A pre-trial checklist is too late for ADR, says Simon Davis. Simon Davis is a partner in the litigation department at Clifford Chance.

The use of ADR in this country over the past few years has met with some success. The High Court now requires solicitors to certify in a pre-trial checklist that the possibility of ADR has been considered with their clients.

But is this too late to begin looking at ADR?

At this point, substantial legal costs will have been incurred and management energies have been spent; large amounts of court time and personnel have been employed and the trial is just round the corner.

Including a direction relating to ADR in a pre-trial check list will be insufficient on its own to reduce the burdens to clients and the courts.

Lord Justice Woolf in his interim report wants judges to be more interventionist.

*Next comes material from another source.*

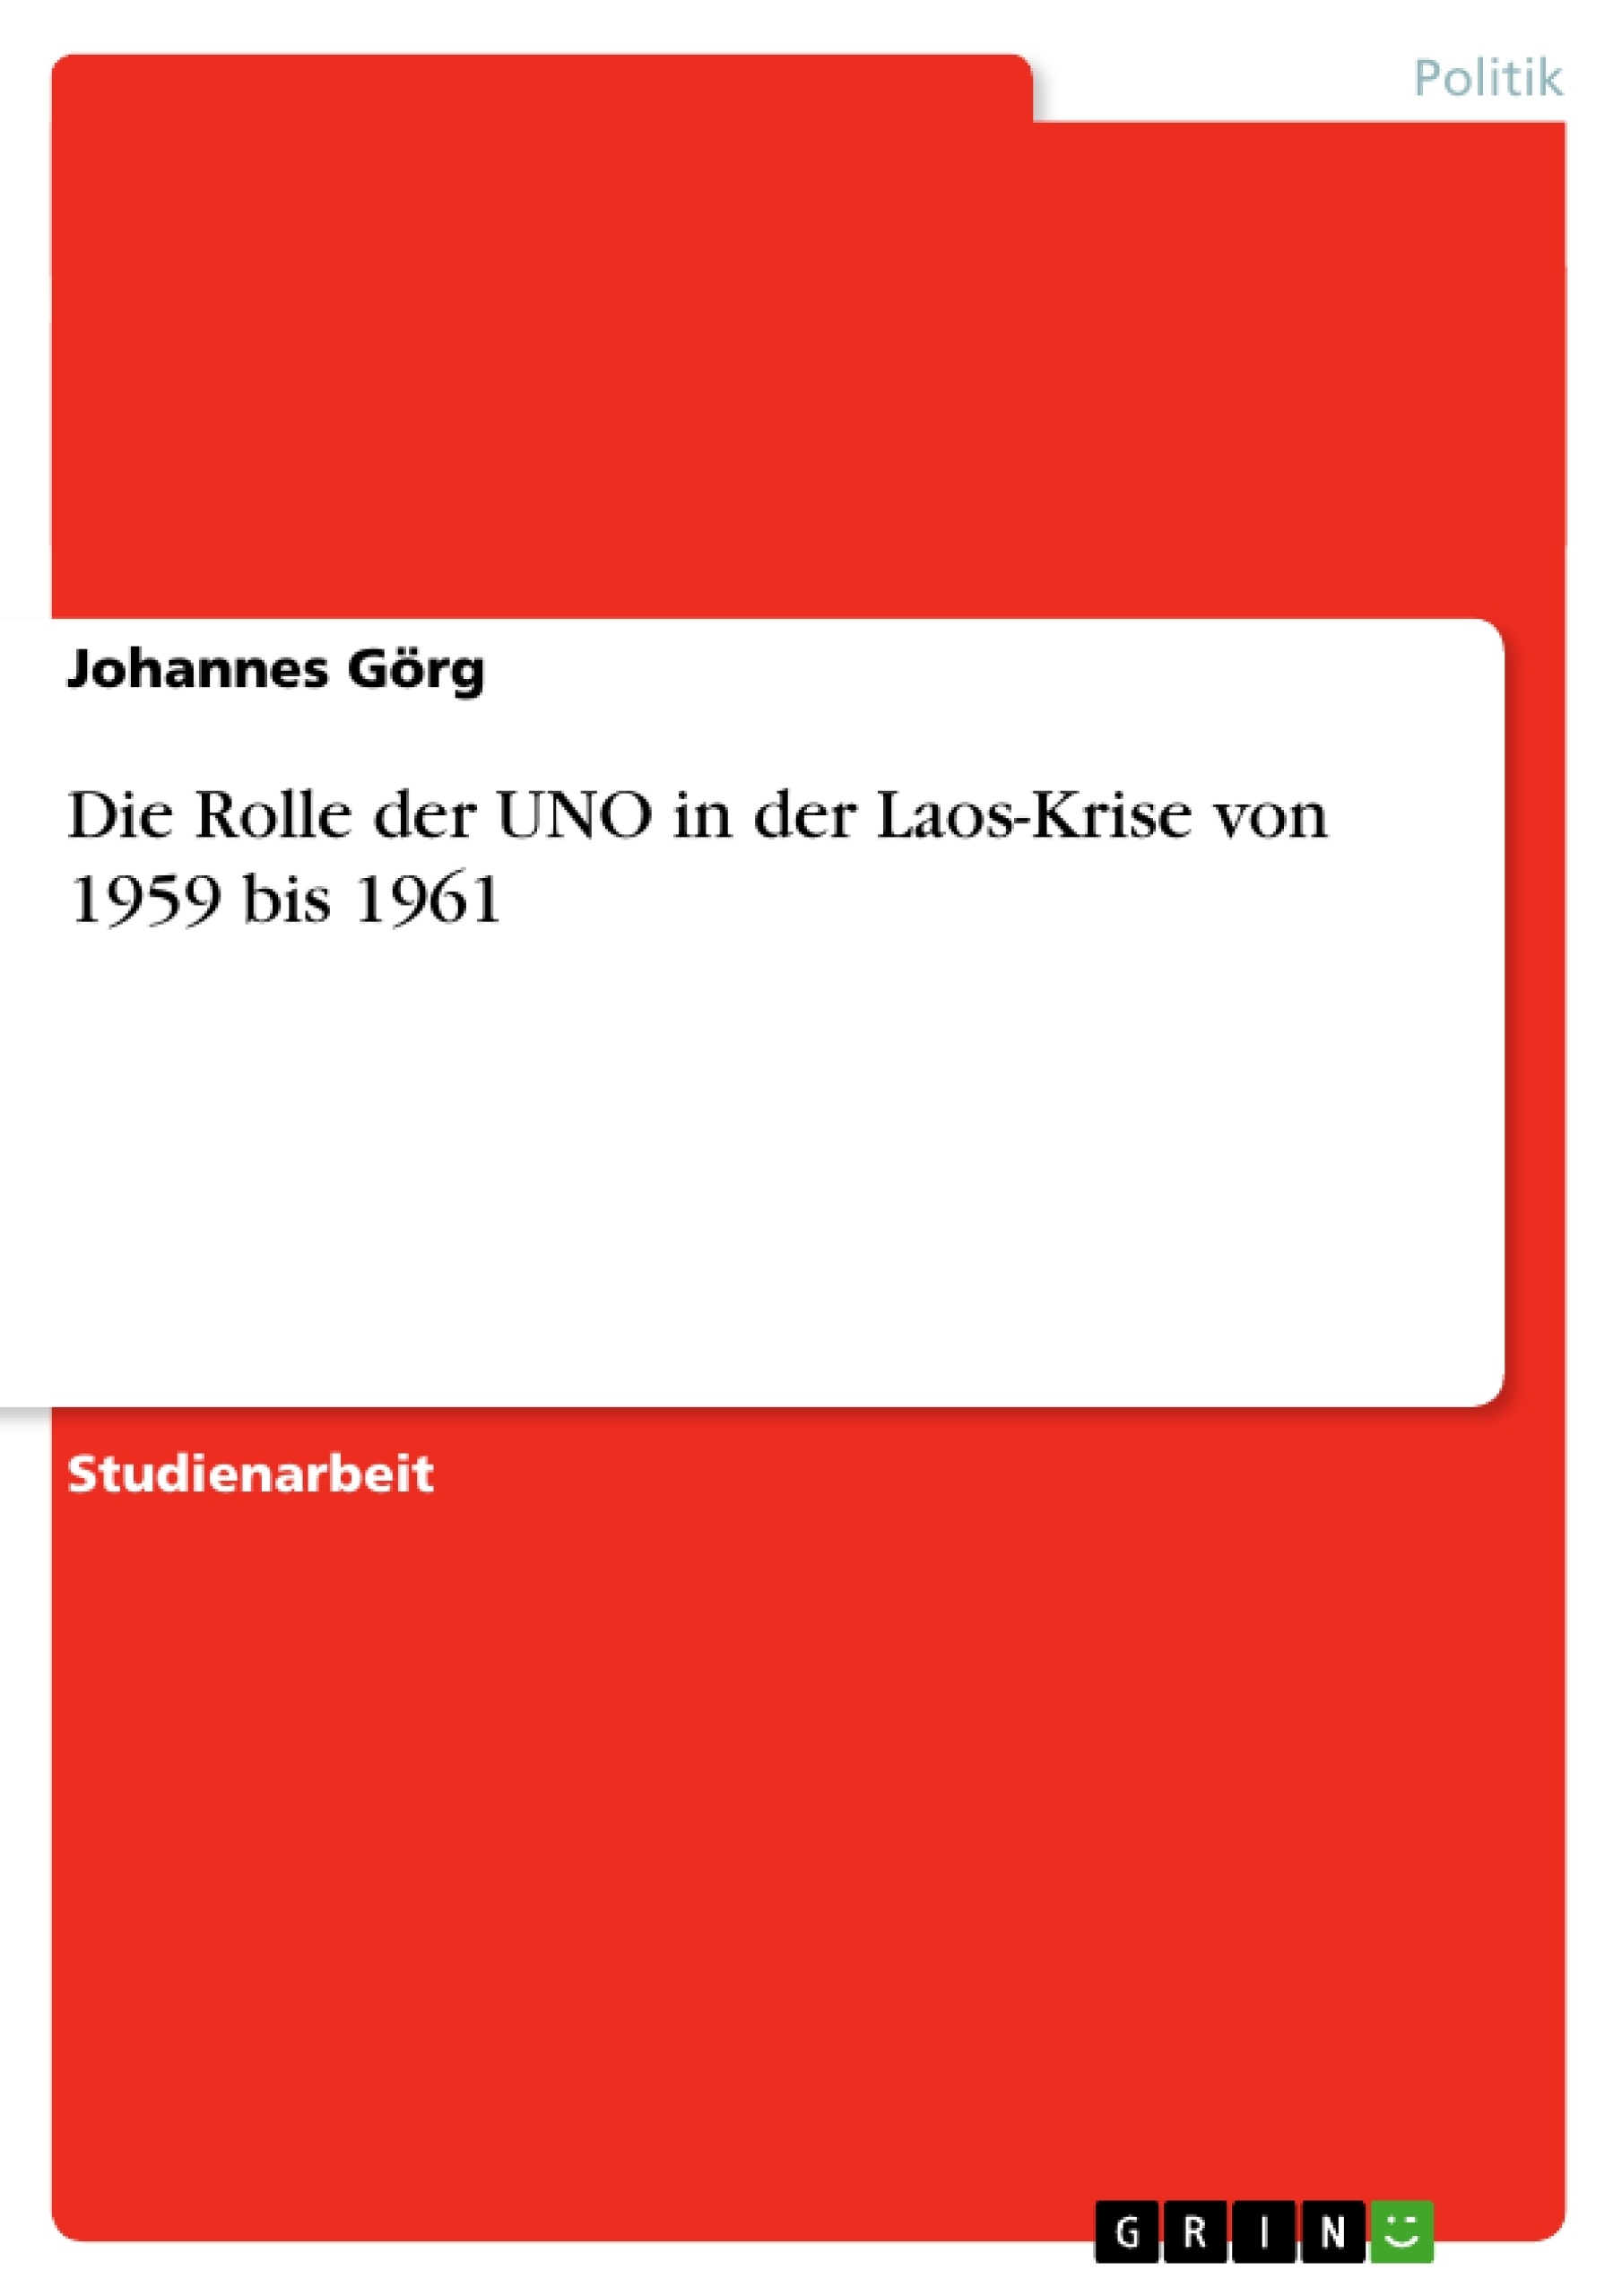 Título: Die Rolle der UNO in der Laos-Krise von 1959 bis 1961
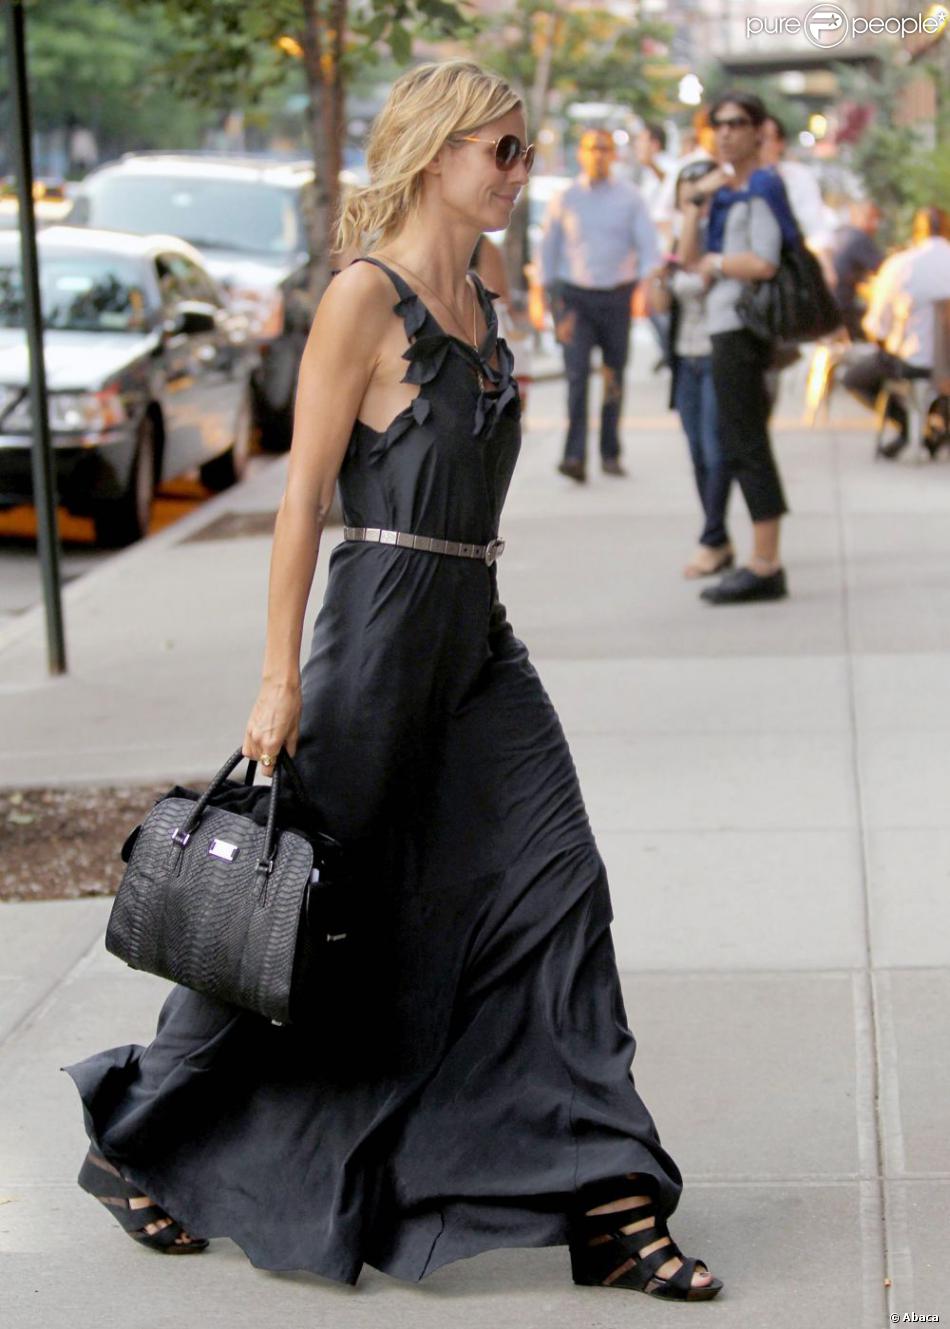 Le top model Heidi Klum arrive à son hôtel dans un total look noir qui fait un carton. A New York City, le 6 juillet 2011.

Woolf's direction does not go far enough. Judges should do more than just intervene to see that a case runs smoothly.

Approximately 90 per cent of cases settle without a trial. With this figure in mind part of the role of the case managing judge should be to encourage settlement at early stages in the litigation process, not just shortly before trial.

I am not suggesting that judges should highlight the strengths and weaknesses in parties' cases in open court or even in chambers. This would compromise their vital neutrality. But concerns about neutrality should not require judges to close their eyes to the possibility of an early settlement.

The issue of settlement, including the possibility of ADR, should be raised by the judge at the earliest possible stage, even in the first case conference. If as Lord Justice Woolf envisages, the clients are present, the judge can ensure that the nettle of settlement is grasped firmly at the outset of the litigation process.

Having the question of settlement/ADR raised by the judge eliminates the problems of settlement overtures by one side being regarded as a weakness and might prevent cases progressing unnecessarily far down the trial path.